Return all of the data exactly, with nothing left out but the pictures.

• **PROVIDED MATERIAL**:
______
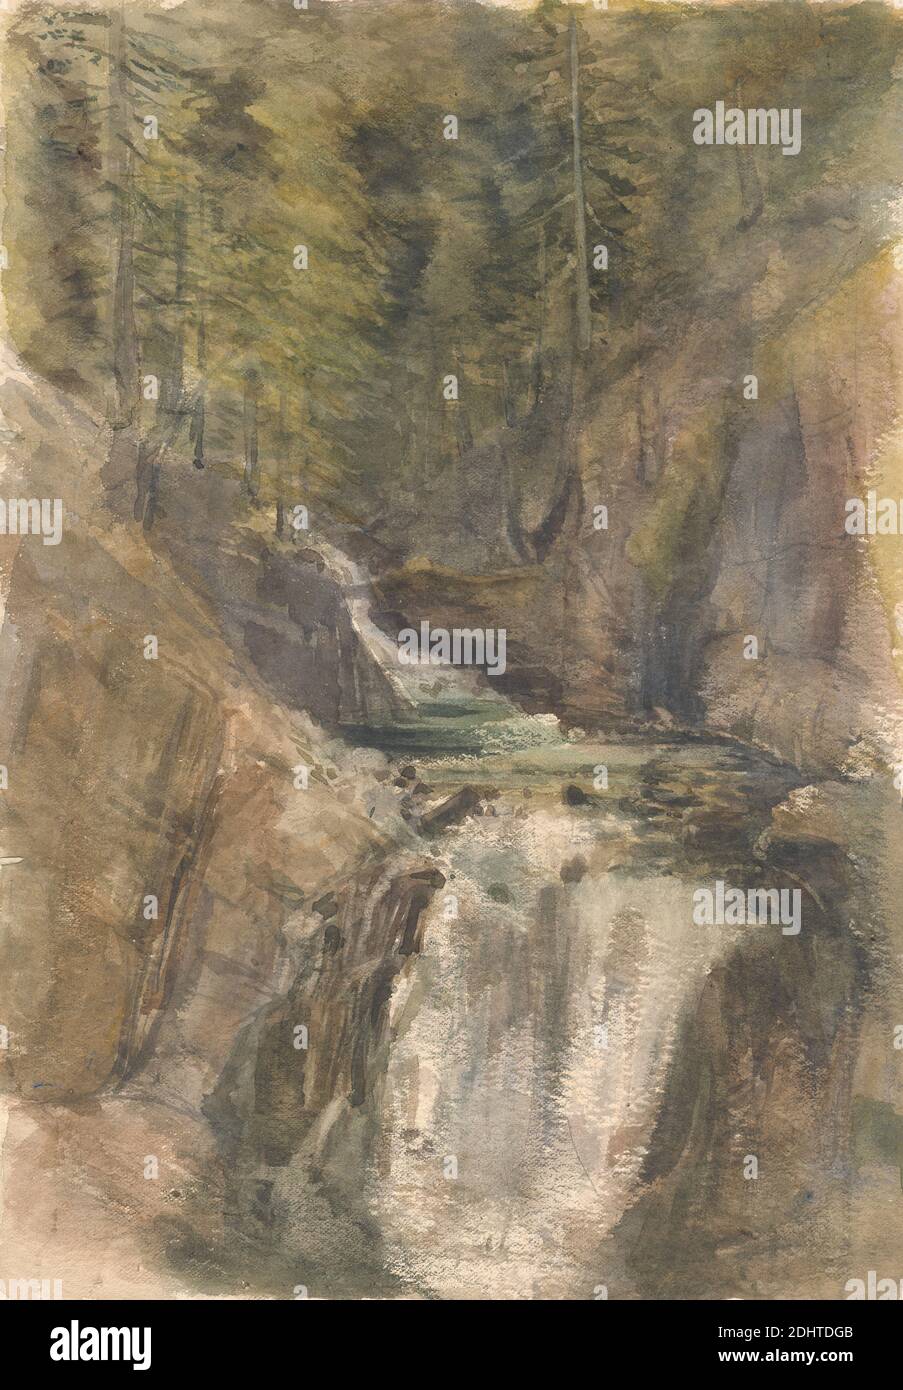 Waterfall and Forest, artista desconocido, siglo XIX, sin fecha, acuarela y grafito sobre papel grueso, moderadamente texturizado, crema de move, Hoja: 10 × 7 pulgadas (25.4 × 17.8 cm), bosque, paisaje, cascada Foto de stock
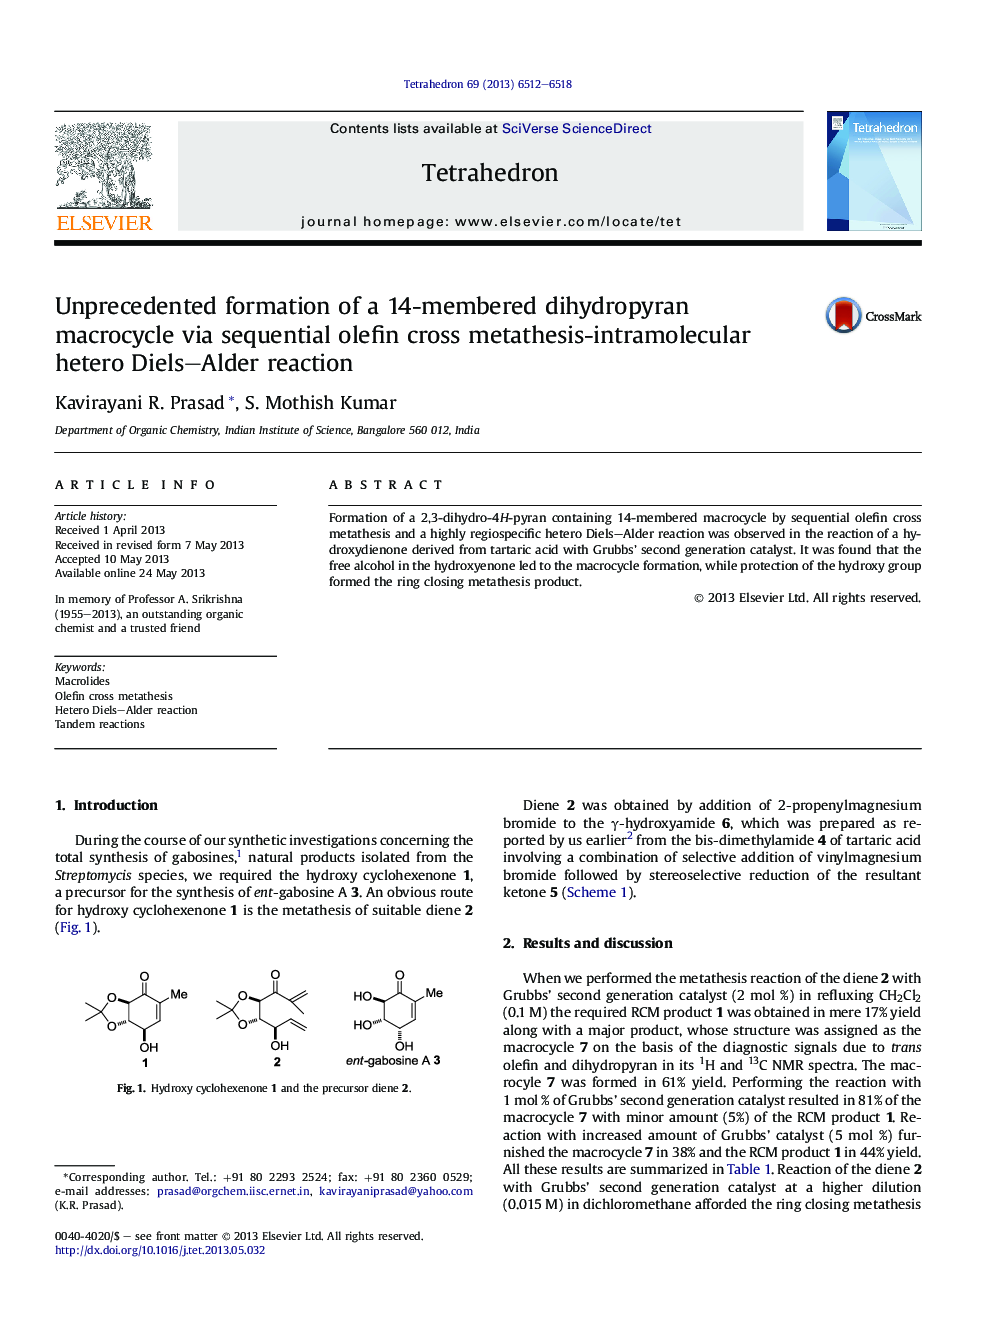 Unprecedented formation of a 14-membered dihydropyran macrocycle via sequential olefin cross metathesis-intramolecular hetero Diels–Alder reaction
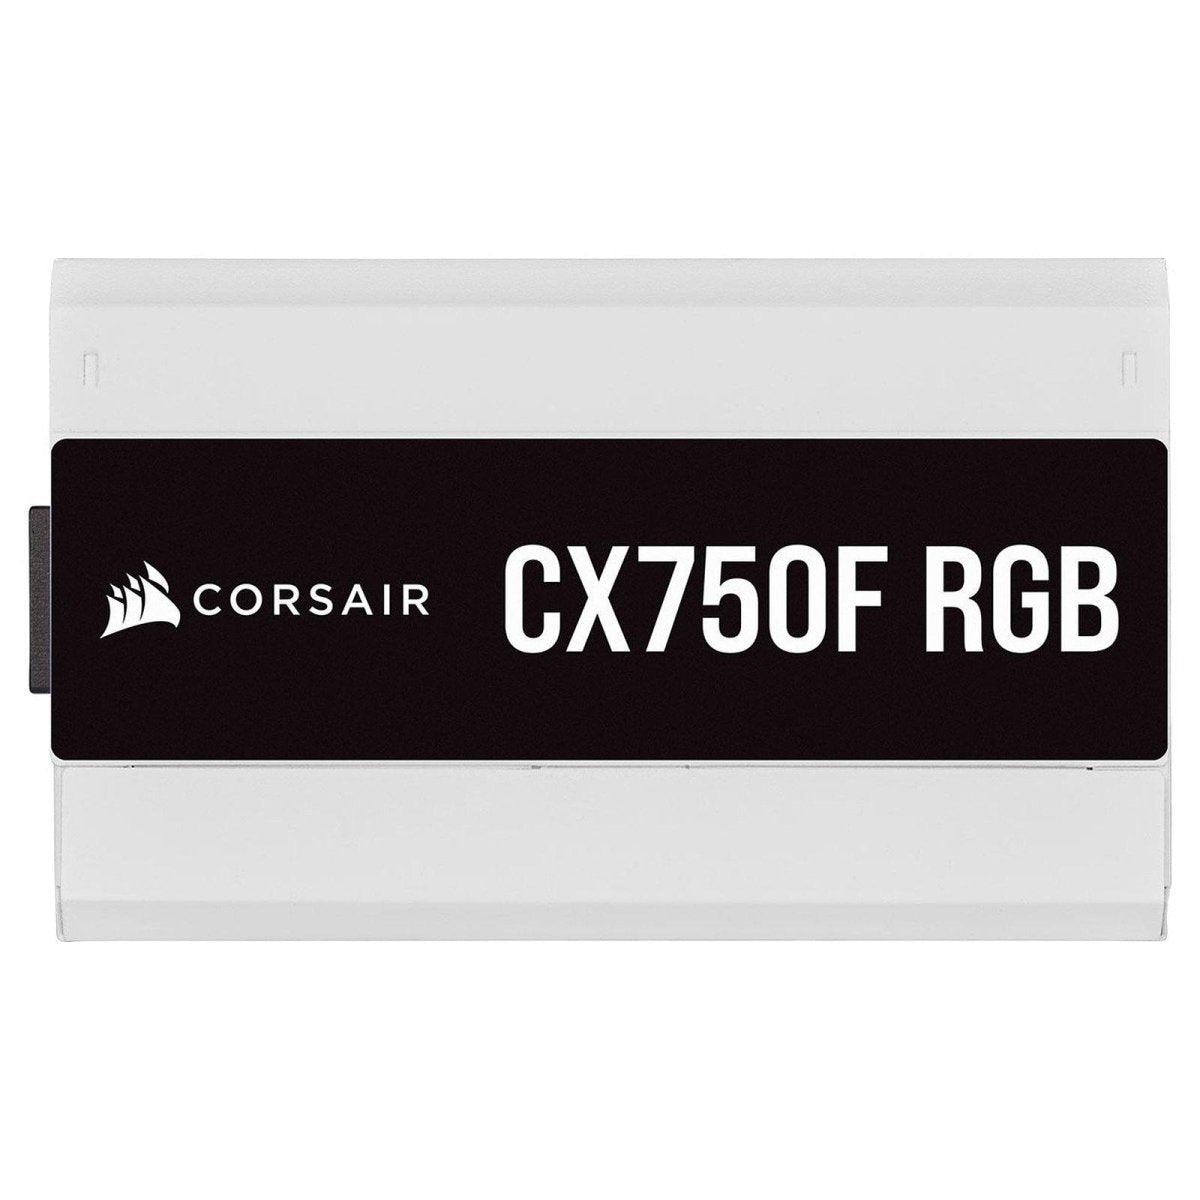 Corsair CX750F RGB maroc Prix Alimentation PC pas cher - smartmarket.ma
______
• **YOUR RESPONSE**:
 Waterfall and Forest, artista desconocido, siglo XIX, sin fecha, acuarela y grafito sobre papel grueso, moderadamente texturizado, crema de move, Hoja: 10 × 7 pulgadas (25.4 × 17.8 cm), bosque, paisaje, cascada Foto de stock
 Unprecedented formation of a 14-membered dihydropyran macrocycle via sequential olefin cross metathesis-intramolecular hetero Diels–Alder reaction
 Corsair CX750F RGB maroc Prix Alimentation PC pas cher - smartmarket.ma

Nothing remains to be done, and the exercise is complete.